My feeling is nobody should be invisible n our society. That everybody deserves courtesy and acknowledgement of their existence as a human being. There is something far wrong in the way we are bringing up and educating our children if they have the opinion that once someone gets to a certain age they are invisible and dont deserve normal acknowledgement and courtesies.

In my real life it's not just men that treat me, as an older woman, as invisible. It's quite a broad range of people . And often younger women are guilty of this and have a really disdainful attitude to older women.Contrast how I notice most older men are acknowledged and given a degree of respect not afforded to older women.

I think we should be looking at our general levels of behaviour to each other and also the way that youth is venerated in our society and a woman actually ageing is on a par with committing a crime.

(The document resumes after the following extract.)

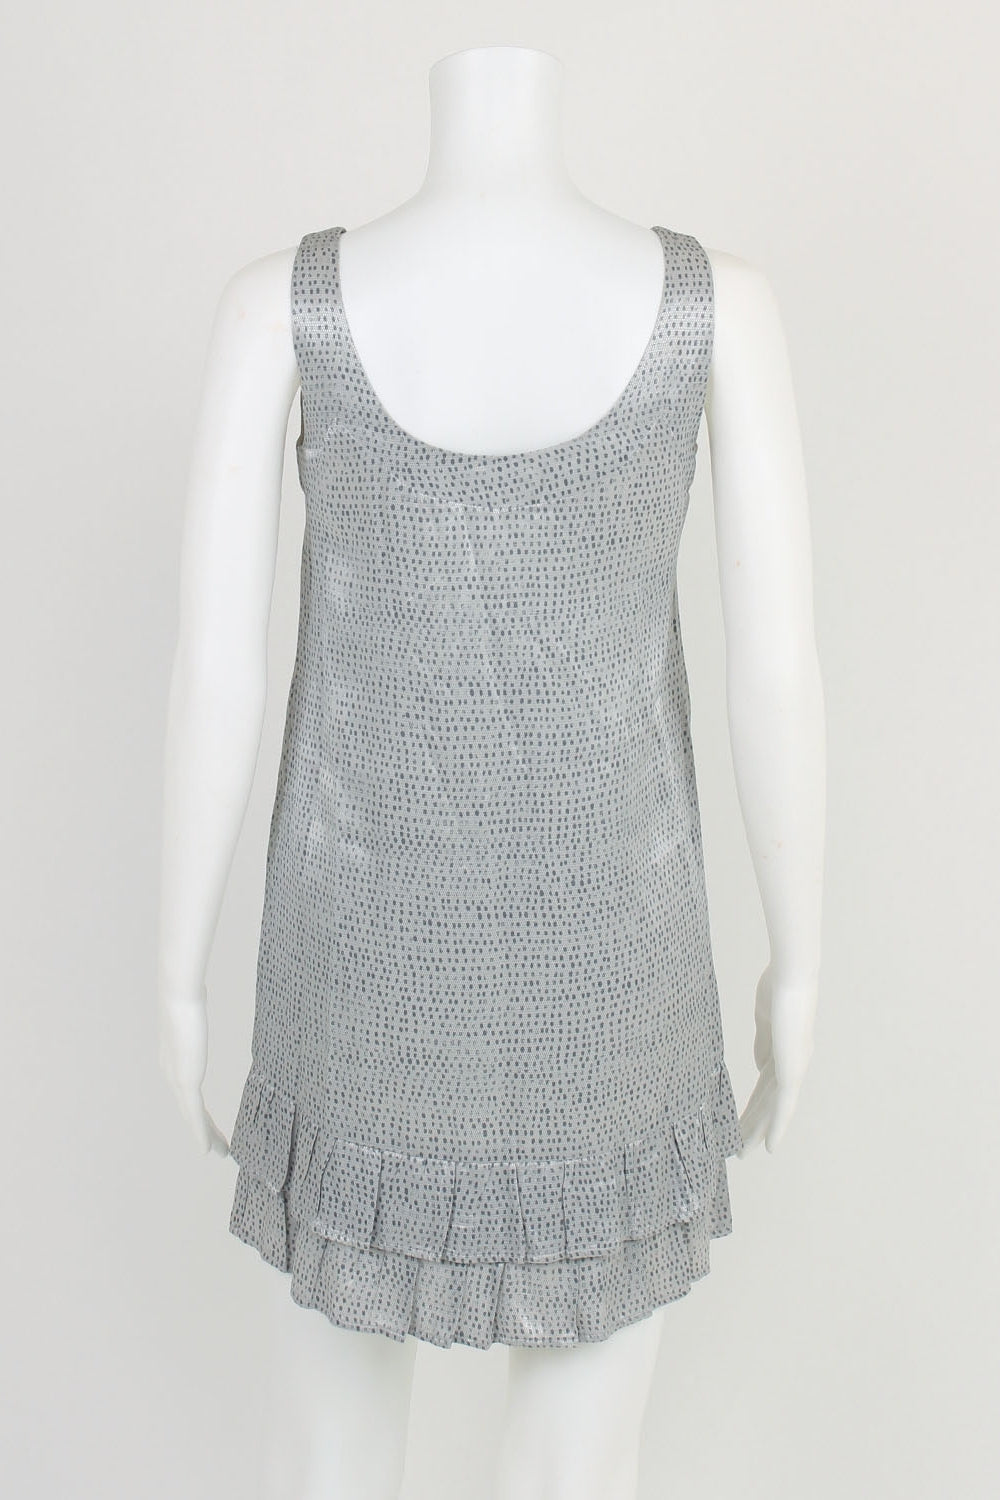 Bec &amp; Bridge Silver Dress 6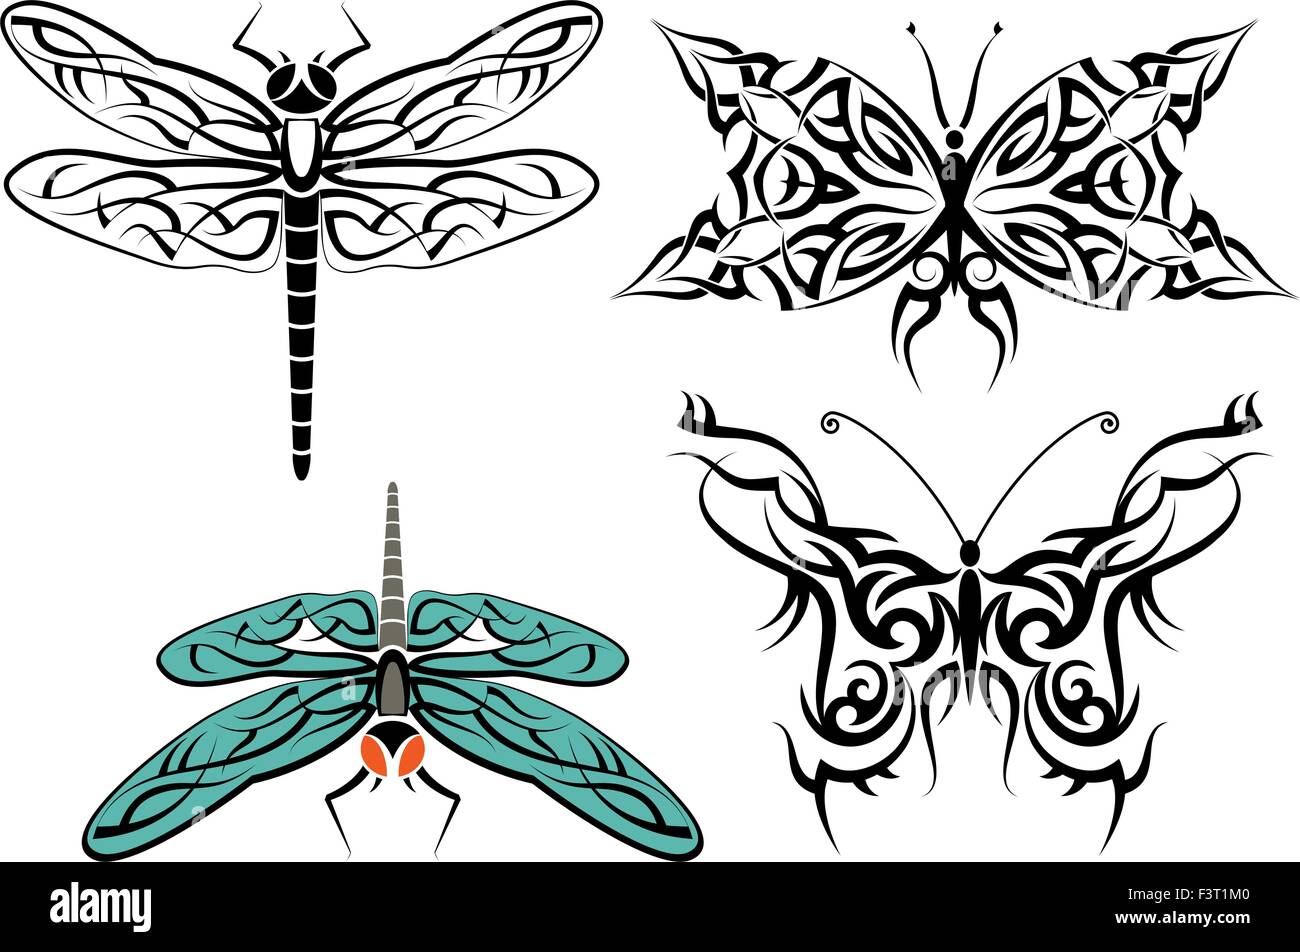 Tattoo Dragonfly Design Vector Art Stock Vector

OlDroopyMouth · 06/06/2026 09:58

I was always a looker, no false modesty for me. I dressed in an unassuming way, never interested in showing off, but I had a pretty face and a good figure. But it brought a lot of unwanted male attention, some of it criminal. As I have aged I have become invisible to men and now I feel I can unclench in a public space. I feel free. I don’t want their attention, and now they don’t want mine! One of the bonuses of age. It’s a sad one though, the majority of life being spent in dread at getting hassled.

Otterloverfrenchielady · 07/06/2026 19:31

Good god can we not want to be visible / seen / respected and not want to be leered on by letchy men?

i am a wheelchair user. I either get treated like I have appeared in a puff of smoke from thin air or massively inappropriate comments from gross men. Sigh

OnlyHasEyesForLoki · 08/06/2026 07:39

I was very visible from the age of 12 or 13 when older men cat called, shouted at and even grabbed me in public. It was truly horrific. Even when I was wearing a school uniform.

The interest continued at a more age appropriate and less terrifying (and illegal!) way in my 20s and into my 30s but then it completely stopped in my late 40s.

I’m now late 50s and a common example is - I was walking straight down a pavement for about 10 minutes yesterday and 3 different men walked either across me or straight at me and bumped into me as if I was literally invisible.

It’s bizarre. It would be nice just to be visible in the way that other men are to them. Not to perve and shout at and not to ignore and block if I don’t scurry out of the way.

Watdidusay · 08/06/2026 09:18

OnlyHasEyesForLoki · 08/06/2026 07:39

I was very visible from the age of 12 or 13 when older men cat called, shouted at and even grabbed me in public. It was truly horrific. Even when I was wearing a school uniform.

The interest continued at a more age appropriate and less terrifying (and illegal!) way in my 20s and into my 30s but then it completely stopped in my late 40s.

I’m now late 50s and a common example is - I was walking straight down a pavement for about 10 minutes yesterday and 3 different men walked either across me or straight at me and bumped into me as if I was literally invisible.

It’s bizarre. It would be nice just to be visible in the way that other men are to them. Not to perve and shout at and not to ignore and block if I don’t scurry out of the way.

Edited

I'm a bit surprised that I have not experienced anything other than this! I have always been walked directly into by men as though I don't exist.
Oddly I have never really felt invisible at work.

I'm more confused now than anything else.

OP posts:
Usernamenotav · 08/06/2026 14:57

Invisible to the male gaze- bring it on.

Invisible to the point you're ignored? Not greeted politely anymore? Having your opinion dismissed? That kind of Invisible wouldn't be very nice at all. So I think it depends what you mean by Invisible.